After reading the original post on this thread, I checked my account and I too had an offer of an HD DVR for $149. My two year commitment was up as of 9/1/09 and my monthly bill is approximately $92. I had upgraded my HR10-250 in January to an HR20-100 for no cost (my third one) so I wasn't expecting too much. 

I called on Monday this week and was immediately offered an upgrade of my H20 to an HD DVR for $99 then was told because of my status and my payment history they would waive the $99 and the shipping and handling. I said "Great" less do that and I will also need an AM21 since I need OTA capability. The CSR said since we couldn't be sure which DVR I would receive I would need to call back when I received my new DVR if I didn't get an HR20.

Before I hung up I asked what discounts my be available to me and was told I was already receiving the programming discounts I mentioned above so that was the best they could do and they would show up on my September statement (apparently this had been initiated when I called a couple of weeks ago). 
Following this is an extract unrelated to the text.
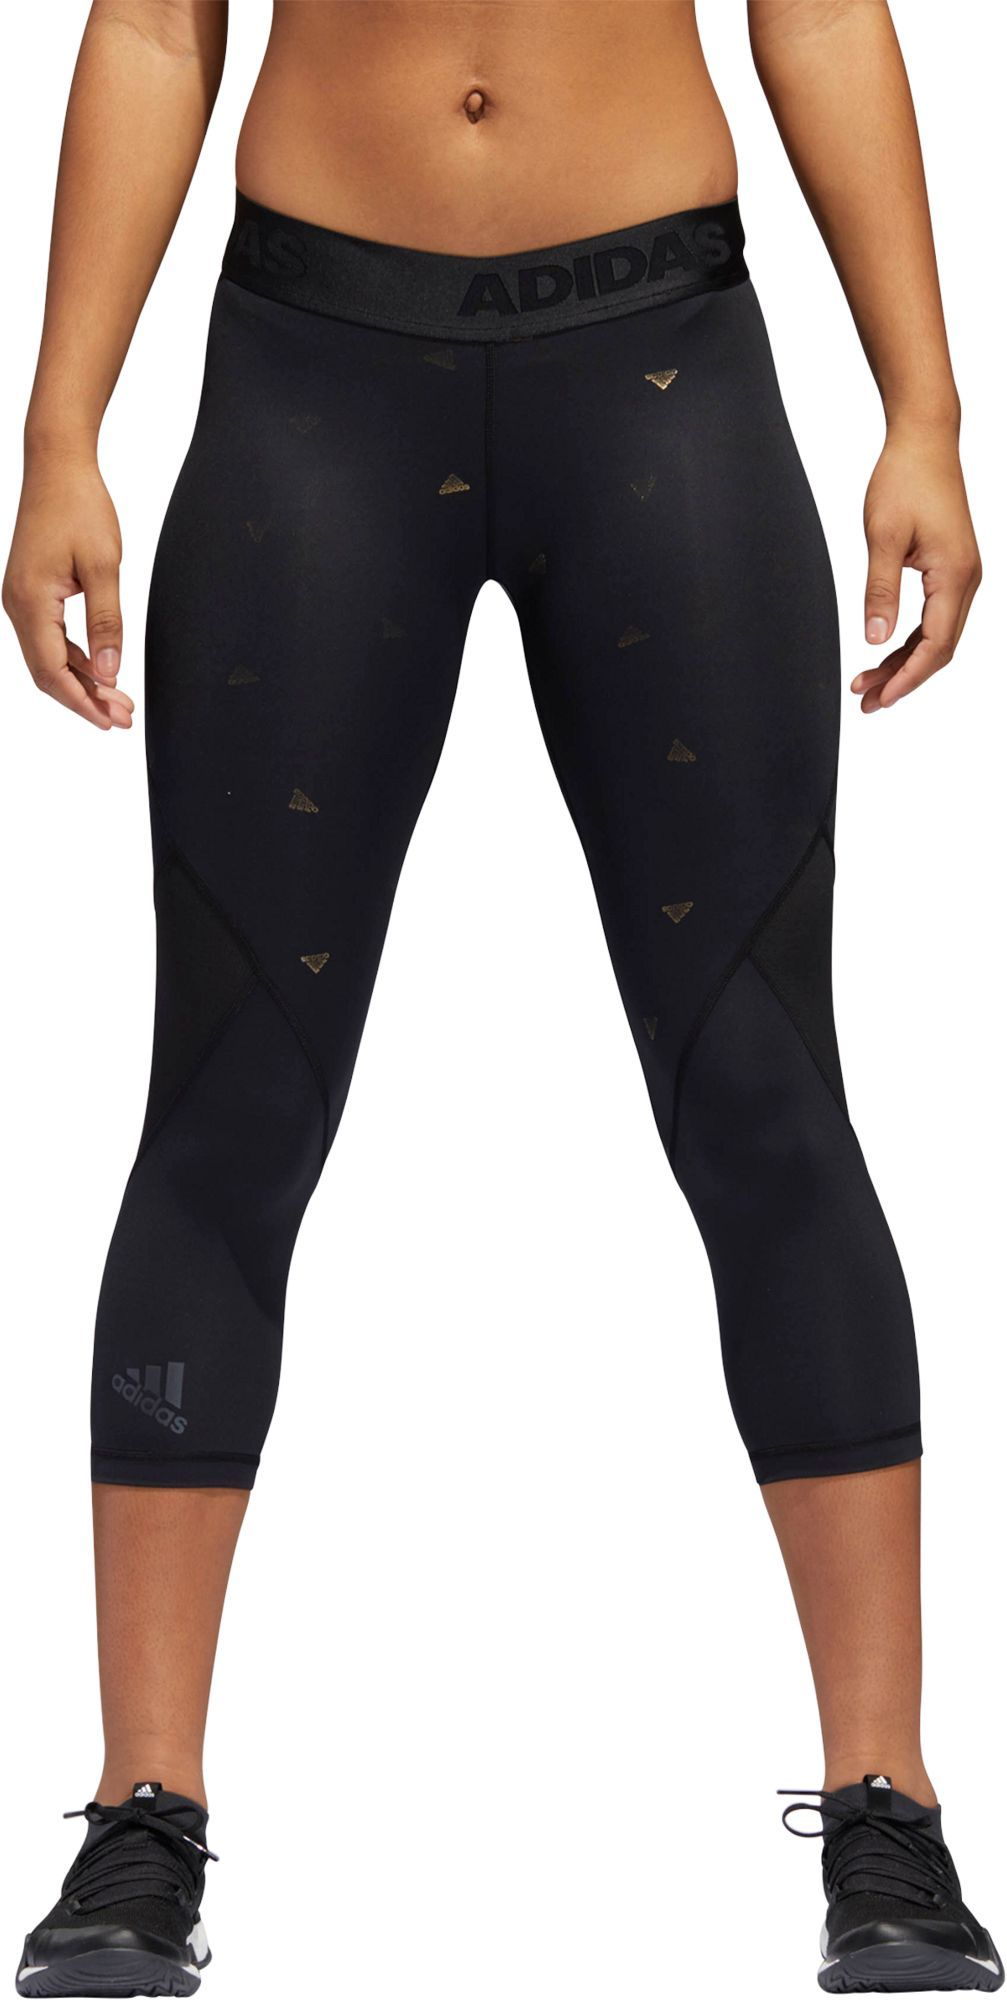 de8f13bd570 adidas Women's Alphaskin Sport Capri Tights, Size: XS, Black ...

Wednesday a new HR22-100 was delivered by Fed Ex. I called to activate and told them I also needed an AM21. At first they told me there would be a $50 charge and I explained that the H20 I was replacing had OTA and I shouldn't have to lose that capability by upgrading to a DVR. After a short hold the CSR agreed abd said they would ship me an AM21 at no cost to me 

Today I received a AM21, everything is hooked up and working well. To summarize, I got a free HR22, a free AM21 and $30 in credit for six months and an additional $10 a month for the next six months. The calls did take a while (approximately an hour total), but the CSR's were pleasant, knowledgeable and did everything they could to satisfy me.
I have checked my account and the credits are there and my September statement shows a balance for the month of $62.

In light of all the bad press they get (D* and the CSR's), I felt like that a postive experience should be noted. All this was accomplished in a week with a minimum of effort on my part.


----------



## sobal (Jun 4, 2004)

JLucPicard said:


> Did you go back and look while the receiver you ordered was still in your cart, or after the order was fully processed and your cart empty again?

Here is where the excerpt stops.